# 3D Printing > General 3D Printing Discussion >  3DPrintClean Enclosure - any experience with this?

## CBBC

Hi All,

We're getting bad fumes, even with PLA, in our small office room with no ventilation.

Came across this enclosure with "recirculating ultrafine particle and fume filtration."
http://www.3dprintclean.com/

But before we spend this much money, wanted to know if anyone could speak to its usefulness

$1400 USD plus shipping for the small one.
$1600 USD plus shipping for the big one.

----------


## Alibert

I have no experience with this product, however as chemical engineer I do have experience with scrubbing air to remove volatiles. 

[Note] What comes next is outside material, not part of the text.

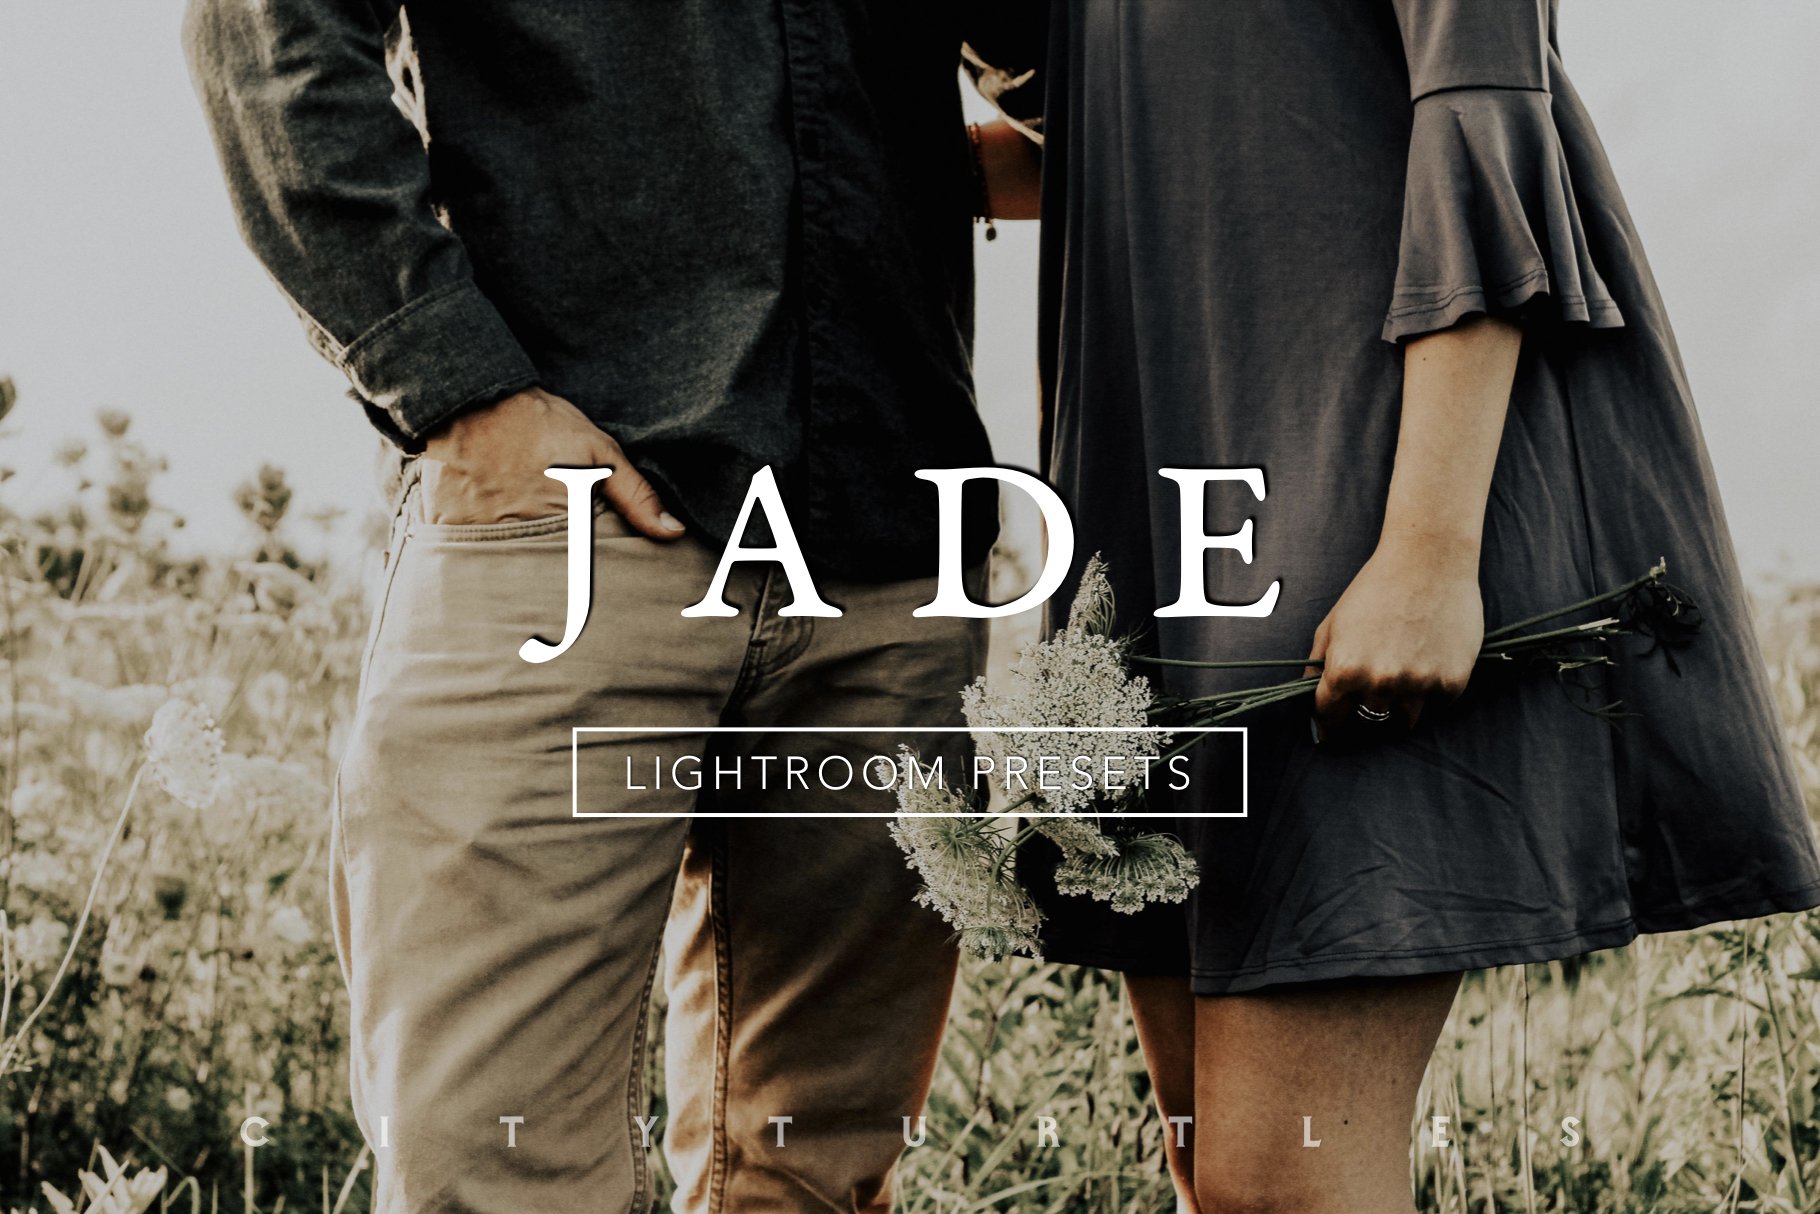 JADE Deep Moody Lightroom Presetscover image.

There are basically two pollutants that will concern you, fine particles (which you can't smell, particles don't bind to your odor receptors, only molecules can) and VOC's (volatile/gaseous molecules, which you do smell). Of those the particles are suspected to be worse for your health than the VOC's, even if you can't smell them. You will need a HEPA filter to remove the particles, and most likely active charcoal filter to remove the VOC's (the smell). The active charcoal will also bind some of the particles but may or may not be as effective as a good HEPA filter. Depending on the cutoff size the pores need to be small enough. Smaller pore sizes increases the pressure drop over the filter, so this might not be an option for a small unit.

The amount of material that active charcoal can absorb is limited. That means you will have to exchange the filter material on a regular basis, which means you will have more costs depending on how much the supplier charges for new filters (which most likely will be unique as to dimensions so that you can not second source them).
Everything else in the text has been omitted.